Hedged Requests are not fired after connection timeouts
Description
If a connection establishment is failing with a timeout, configured on the SocketsHttpHandler, hedged requests are not generated and the whole pipeline fails.
Reproduction Steps
PreReq:
- Have some standard hedging handler with 2 endpoint groups: [ "https://localhost:3000", "https://microsoft.com" ]
- Have total request timeout and endpoint timeout long enough to not be reached (e.g. 100 seconds)
- Have a short hedging delay.
- Configure a SocketsHttpHandler with ConnectTimeout short enough to be reached for the first endpoint group (e.g. 1 second)
- Fire a request with the newly created HttpClient
Expected behavior
The expected behavior is that "https://microsoft.com" endpoint is called and the pipeline succeeds.
Actual behavior
It is not actually called and a TaskCanceledException is thrown (coming from the HttpConnectionPool)
Task Canceled Exception
System.Threading.Tasks.TaskCanceledException: The request was canceled due to the configured HttpClient.Timeout of 100 seconds elapsing.
---> System.TimeoutException: The operation was canceled.
---> System.Threading.Tasks.TaskCanceledException: The operation was canceled.
---> System.TimeoutException: A connection could not be established within the configured ConnectTimeout.
--- End of inner exception stack trace ---
at System.Net.Http.HttpConnectionPool.CreateConnectTimeoutException(OperationCanceledException oce)
at System.Net.Http.HttpConnectionPool.AddHttp11ConnectionAsync(HttpRequestMessage request)
Regression?
No response
Known Workarounds
No response
Configuration
No response
Other information
No response
This code reproduces the issue:
using System;
using System.Net.Http;
using System.Net.Security;
using Microsoft.Extensions.DependencyInjection;
using Microsoft.Extensions.Http.Resilience;
var services = new ServiceCollection();
var clientBuilder = services
.AddHttpClient("ClientR9")
.ConfigurePrimaryHttpMessageHandler(() => new SocketsHttpHandler
{
UseProxy = false,
Proxy = null,
ConnectTimeout = TimeSpan.FromSeconds(1),
SslOptions = new SslClientAuthenticationOptions
{
ClientCertificates = [],
RemoteCertificateValidationCallback = (_, _, _, _) => true
},
})
.AddStandardHedgingHandler(routing =>
{
routing.ConfigureOrderedGroups(g =>
{
g.Groups.Add(new UriEndpointGroup
{
Endpoints = new[] { new WeightedUriEndpoint { Uri = new Uri("https://localhost:3000") } }
});
g.Groups.Add(new UriEndpointGroup
{
Endpoints = new[] { new WeightedUriEndpoint { Uri = new Uri("https://microsoft.com") } }
});
});
})
.Configure(opt =>
{
opt.Hedging.MaxHedgedAttempts = 10;
opt.Hedging.Delay = TimeSpan.FromSeconds(11);
opt.Endpoint.CircuitBreaker.FailureRatio = 0.99;
opt.Endpoint.CircuitBreaker.SamplingDuration = TimeSpan.FromSeconds(900);
opt.TotalRequestTimeout.Timeout = TimeSpan.FromSeconds(200);
opt.Endpoint.Timeout.Timeout = TimeSpan.FromSeconds(200);
});
var provider = services.BuildServiceProvider();
var clientFactory = provider.GetRequiredService<IHttpClientFactory>();
var client = clientFactory.CreateClient("ClientR9");
try
{
var response = await client.GetAsync("https://localhost:3000");
Console.WriteLine(response.StatusCode);
}
catch (OperationCanceledException ex)
{
Console.WriteLine("Should never reach here but it does after 1 second");
}
The issue is that OperationCanceledException thrown from SocketsHttpHandler is not threated as transient.

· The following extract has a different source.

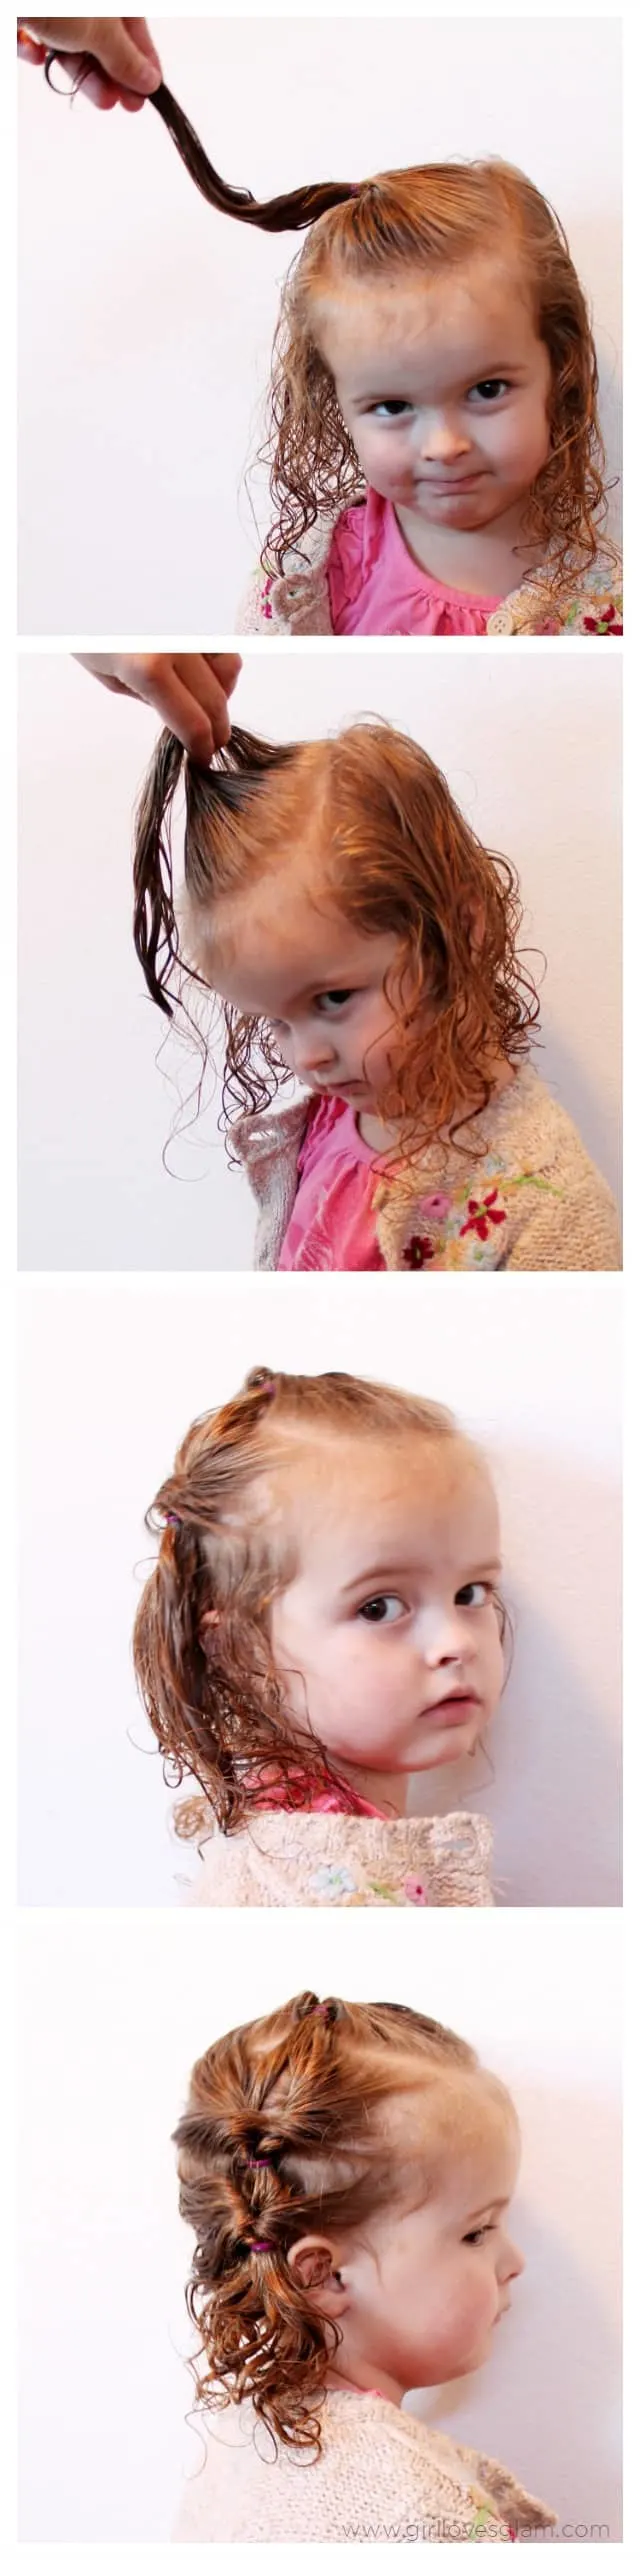 Easy Toddler Hairstyle on www.girllovesglam.com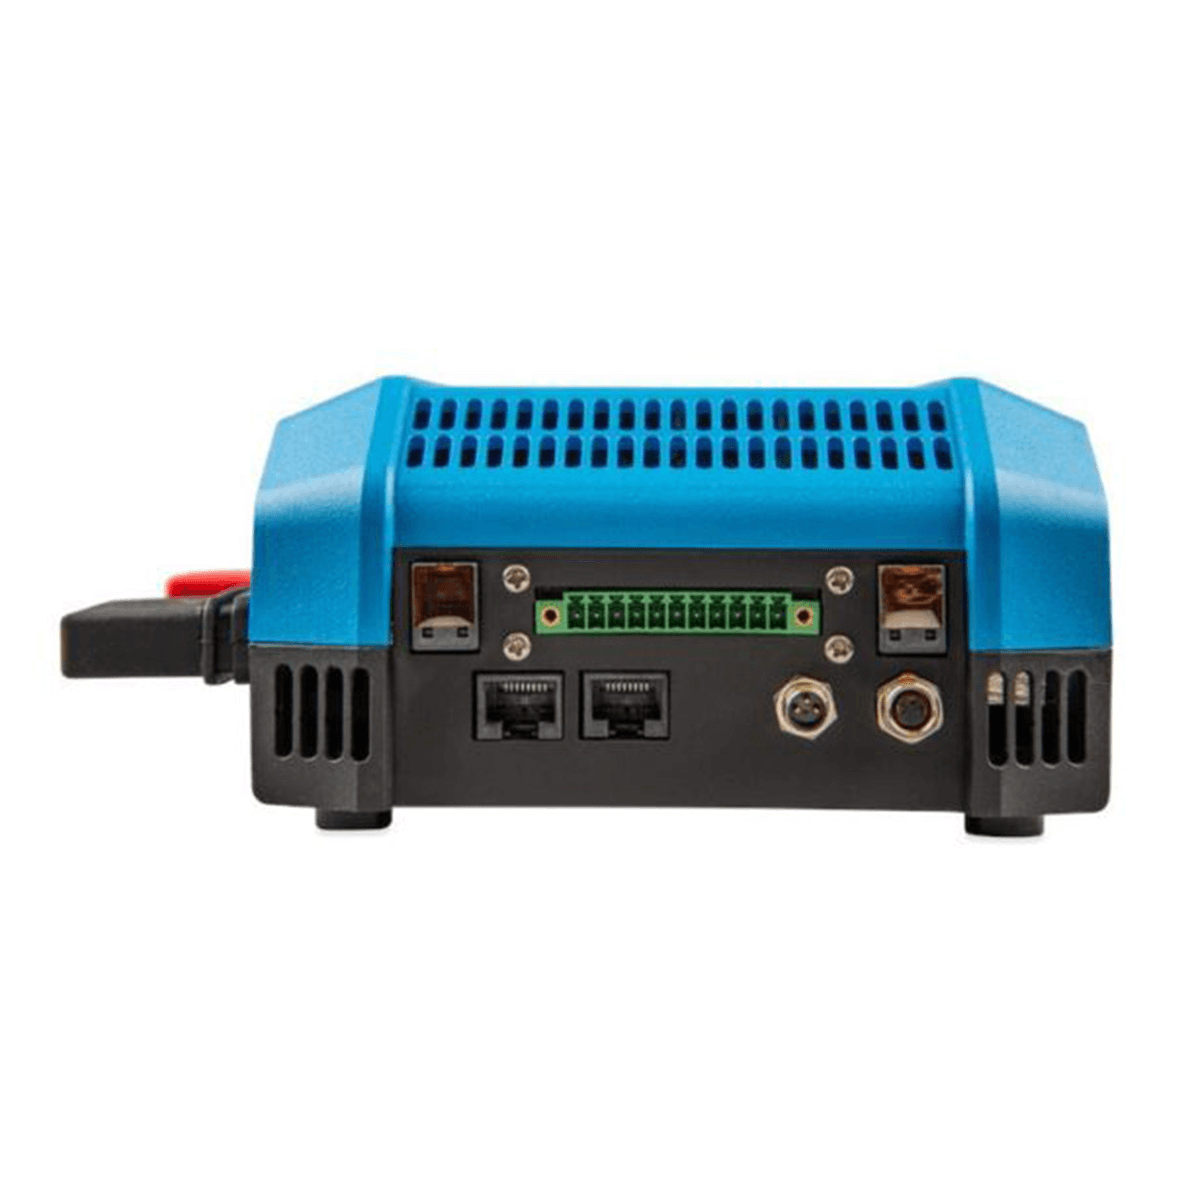 The Victron Lynx Smart BMS and Smart Shunt Battery Management - 500A is a blue and black electronic device with multiple ports and connectors on the front.

The challange is to detect this particular case and not treat other OperationCanceledException as transient.
This is where the exception is thrown and unfortunately there is no consistent way in identifying if it was a task cancelled from the connection timeout or task cancelled from a request timeout, in which case we probably don't want to retry / execute hedged requests:
https://github.com/dotnet/runtime/blob/deb43368fde438b3e6928d3930f1362a4960fdf4/src/libraries/System.Net.Http/src/System/Net/Http/SocketsHttpHandler/HttpConnectionPool.cs#L475
How about checking against ResilienceContext.CancellationToken? If ResilienceContext.CancellationToken is not cancelled and we receive TaskCanceledException with that layout we know that this cancellation came from SocketsHttpHandler when establishing connection.
I think that might work, what about the CancellationToken that is provided to the SendAsync method?
Is that used initially to create a linked CancellationToken for ResilienceContext.CancellationToken ?